5. Evoke Strong Emotions

Content that evokes strong emotions is more likely to be shared than content that more mediocre. Statistically, videos that include inspirational, hilarious, or enraging content are the most likely to be shared. A medium warm fuzzy feeling generally doesn’t cut it. Titan LED’s video doesn’t really meet the qualifications for strong emotion. Although it is funny, I don’t know that it would generally be considered hilarious. Its length could have something to do with this. Had the humorous parts of the video but compressed into half the time, “hilarious” might be an apt description. As it is, the video still succeeds in being funny while fitting in more substantive content. Again, not every single video needs to include every one of these elements. So, it’s not a big deal that Titan LED opted out of this one.

* Bonus Points *

One final other great element of this video that deserves mention, (even though it isn’t part of the “Guide to Shareable Video” list):

Budget: We don’t know what the budget was for this video, but it doesn’t appear to have been a big budget project. Still, it is of great quality. We don’t think you should spend a lot of money just for the heck of it and we strongly believe that you can create great content without big spend if you’re willing to be creative and innovative.

King Content Without a Kingdom

So what would we change about this video? Some might consider the video a bit on the long side, but 3 minutes has actually been found to be the ideal length for YouTube video content (Orbit). There’s not much we would change about this video itself. Our biggest issue with this video is the promotion strategy—or, more appropriately, the LACK of promotion strategy.

For one thing, there is no way to watch this video on the Titan LED websites (they have two). The video link on one site is broken and there’s not even a video section on the other. The only way we found this video was by visiting the Titan LED Facebook page. It’s great that the video is on social, but it needs to be on the website too, since 80% of website visitors will watch a video, while only 20% will read written content.

Ok, so Titan doesn’t have a video section on their website. Big mistake, but at least I can go to their YouTube channel and see their other quality video content, right? Wrong. Titan LED’s videos are currently housed on at least two different accounts, which divide the attention of their viewers and require more maintenance effort from their team for fewer results. And we cannot ignore that one of these accounts appears to be a personal YouTube channel that includes one or two Titan LED videos alongside videos of “Glenda’s 60th Birthday Surprise Party,” “the bestest Baby in the whole world,” and other home videos. Being family oriented is awesome (and no joke, that baby is CUTE), but this content is not exactly relevant to their potential clients and could be distracting or even confusing. It’s best practice to consolidate all your video content on a single YouTube channel—and to have that channel fully dedicated to your company videos.

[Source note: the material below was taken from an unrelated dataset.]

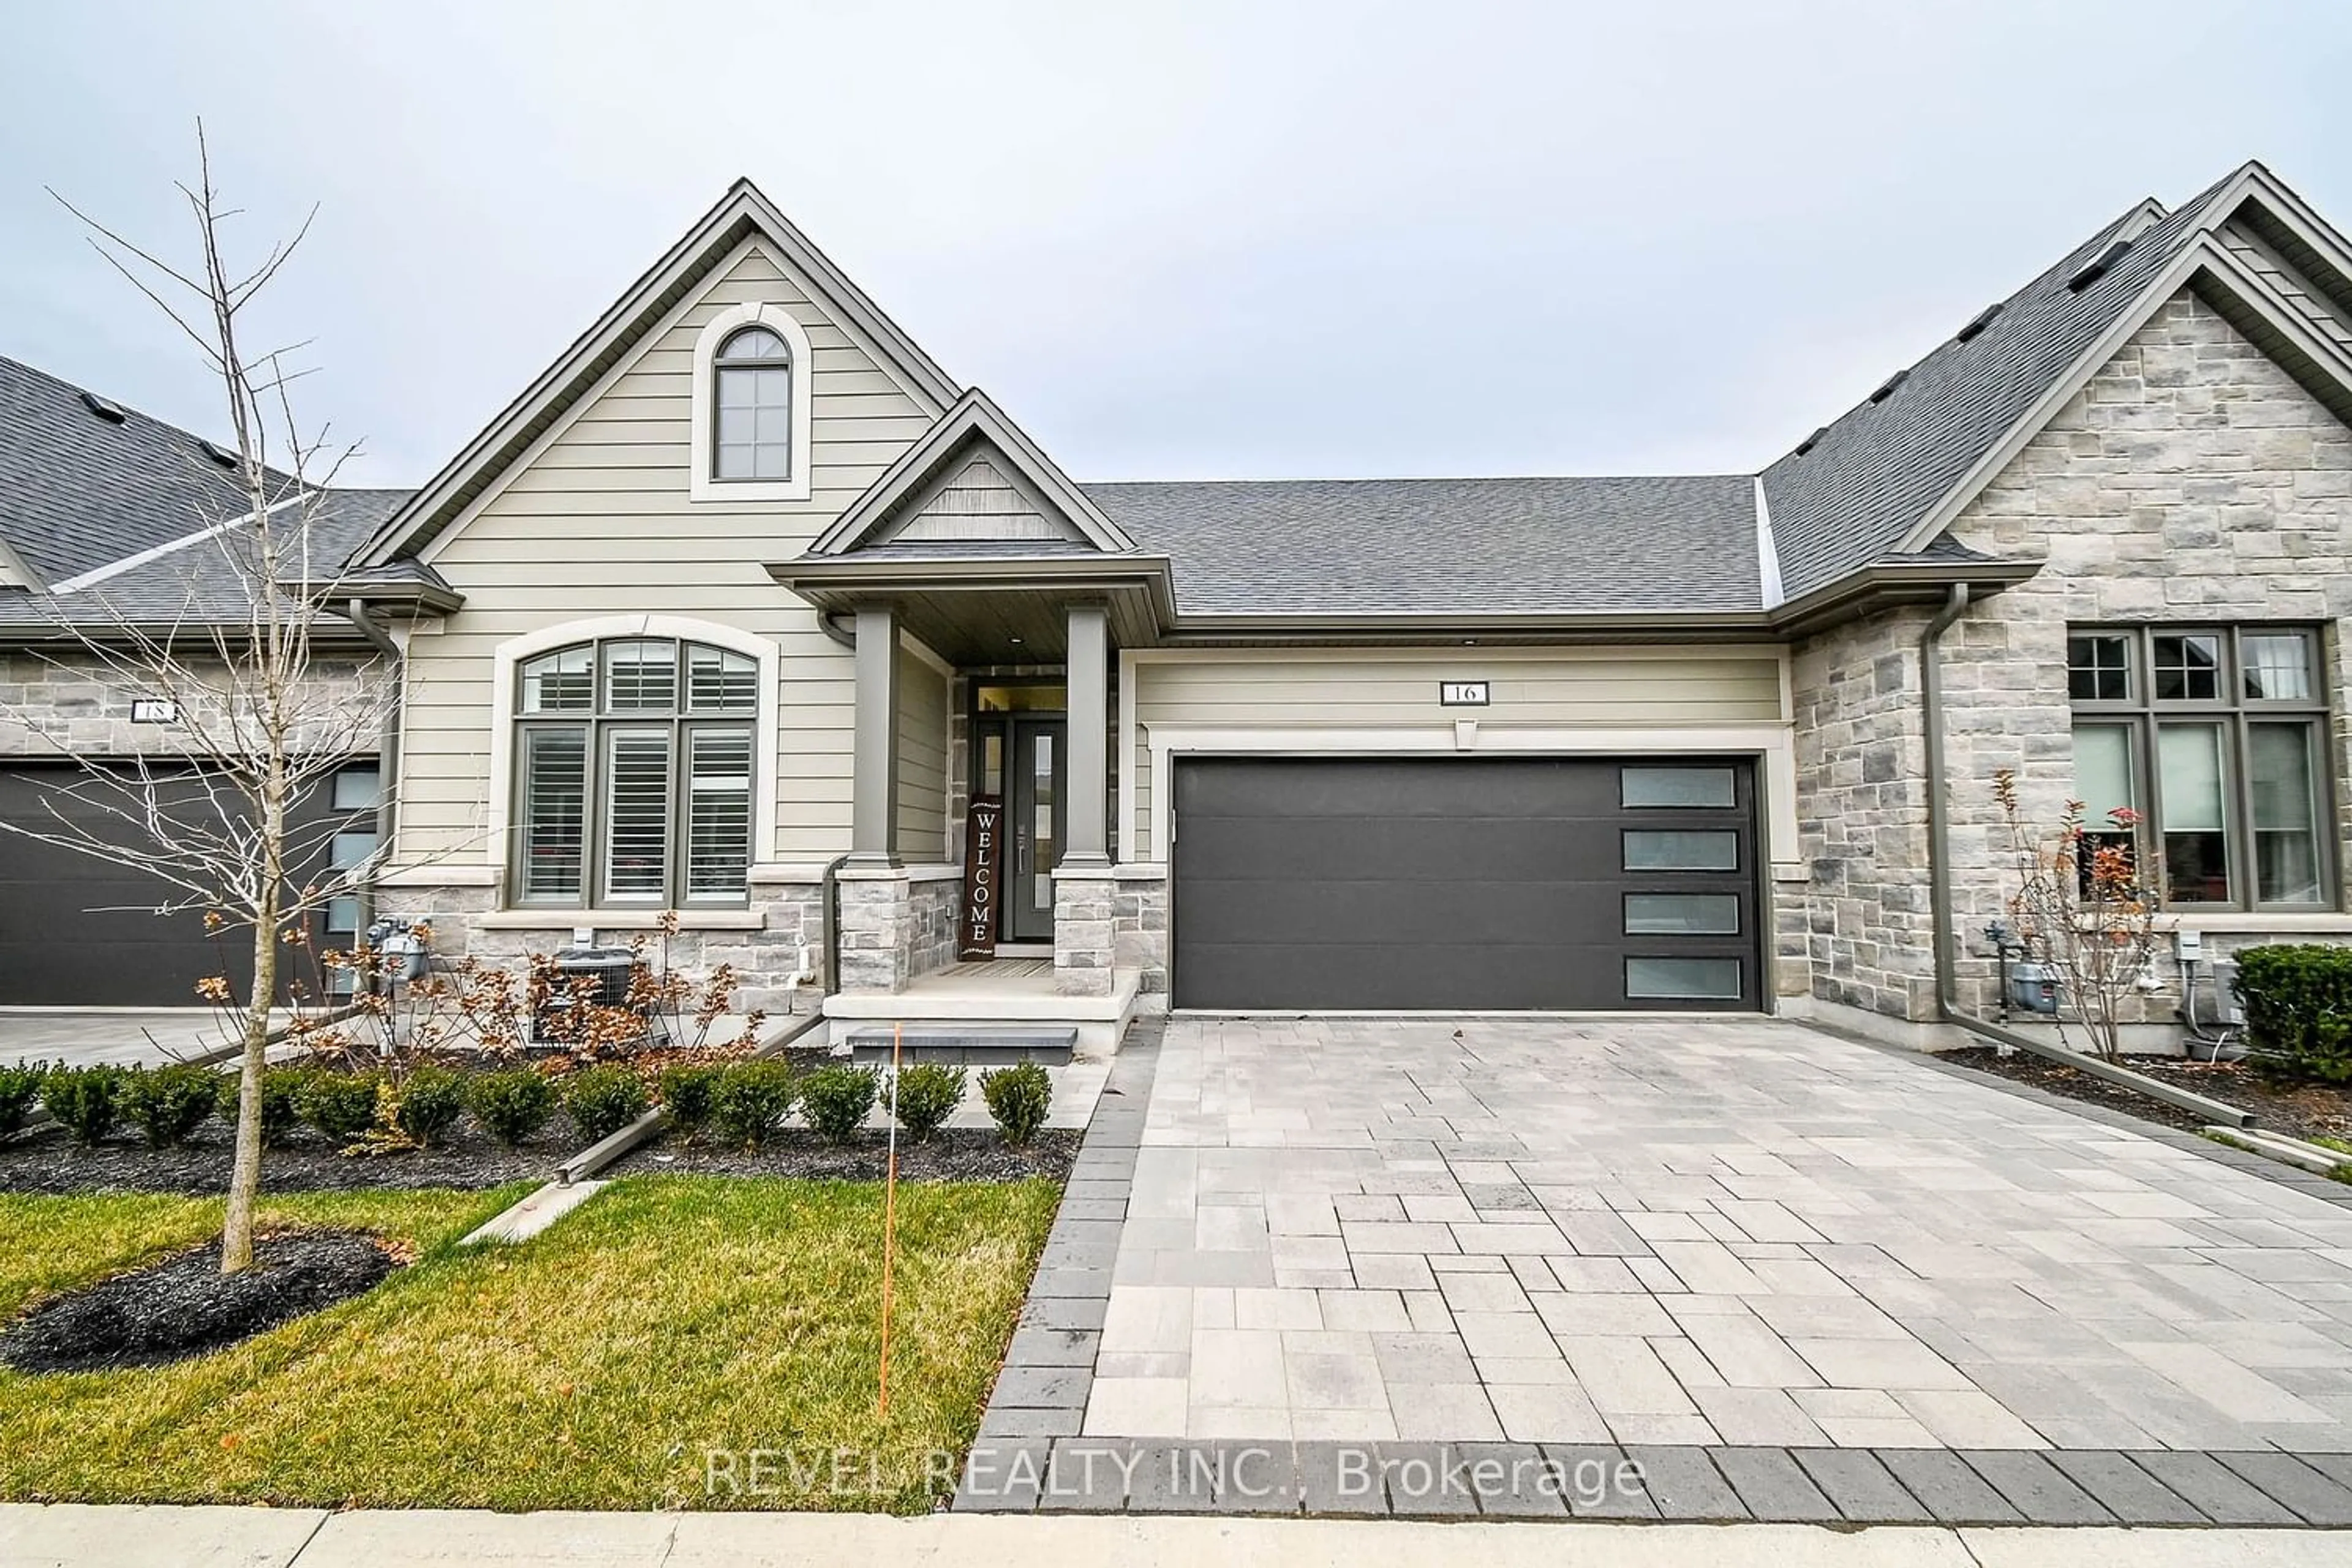 Home with brick exterior material for 154 Port Robinson Rd #16, Pelham Ontario L0S 1E6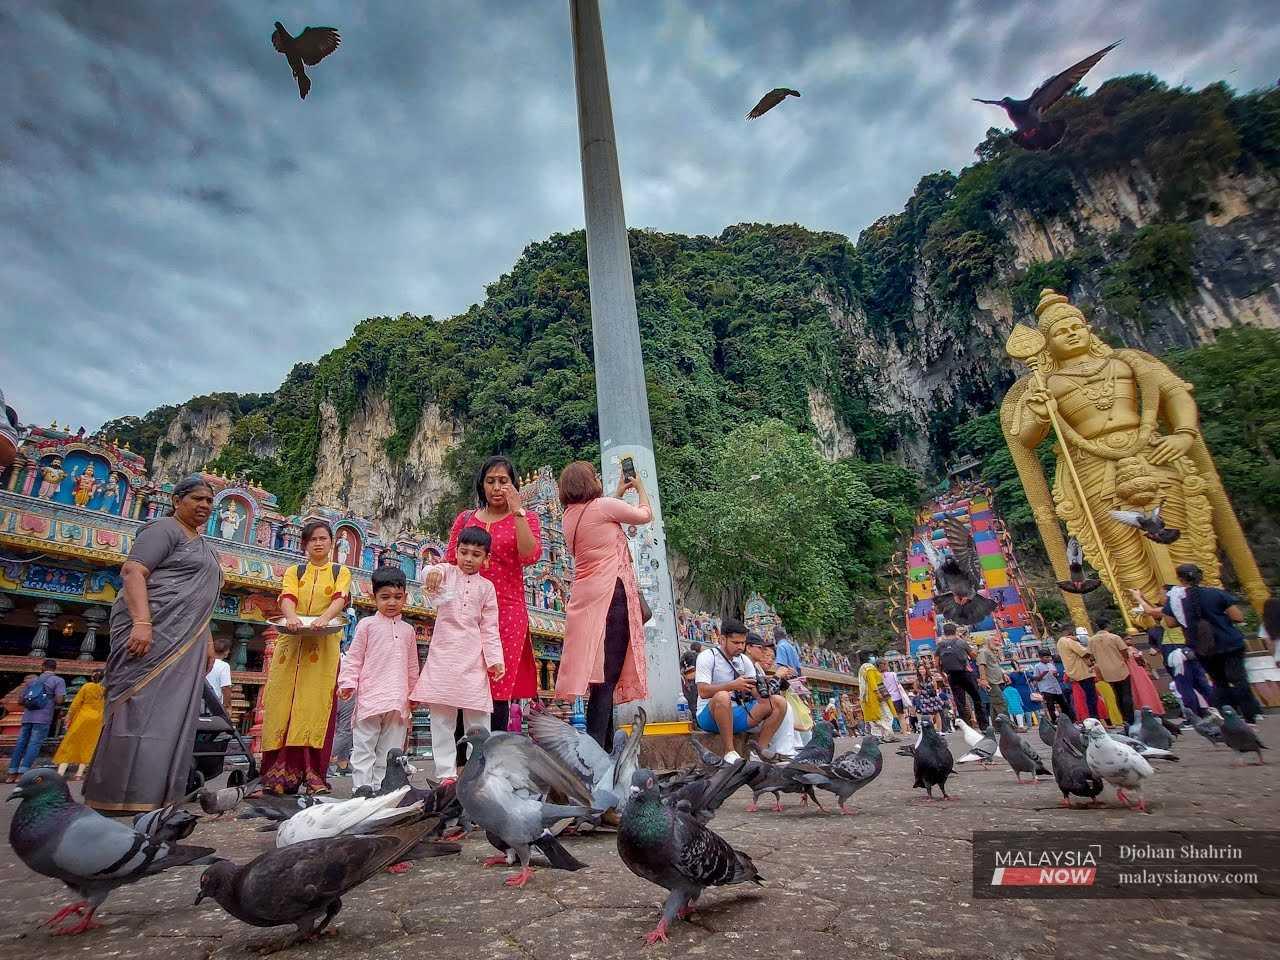 Dua kanak-kanak memberi makan kepada sekumpulan burung merpati sewaktu hadir ke kuil di Batu Caves bagi mengikuti upacara keagamaan sempena meraikan Hari Thaipusam yang akan disambut Ahad ini, 2 Februari.

The Titan LED video has great style and we can’t get enough of “Ryan.” This indicates to us that this video content, properly promoted, would be especially valuable to them in their lead generation and sales efforts. As evidenced by the stats we laid out in the beginning, video content in general is highly valuable and even lower quality video will deliver some value. Good video content (like Titan LED’s) is a major asset. But without a video content editorial calendar and promotion strategy, that value is squandered. We’d love to see their future great content rolled out with a stronger promotion strategy behind it.

Lesson to be learned? “Content is King”—but if it exists in obscurity, there is no kingdom for it to rule over. No matter how great and shareable your content is, if no one finds it, no one will share it. Just creating content is not good enough—you need a strategy that gets your quality content into the field of vision of your target viewer. Only then will your content drive leads and conversions.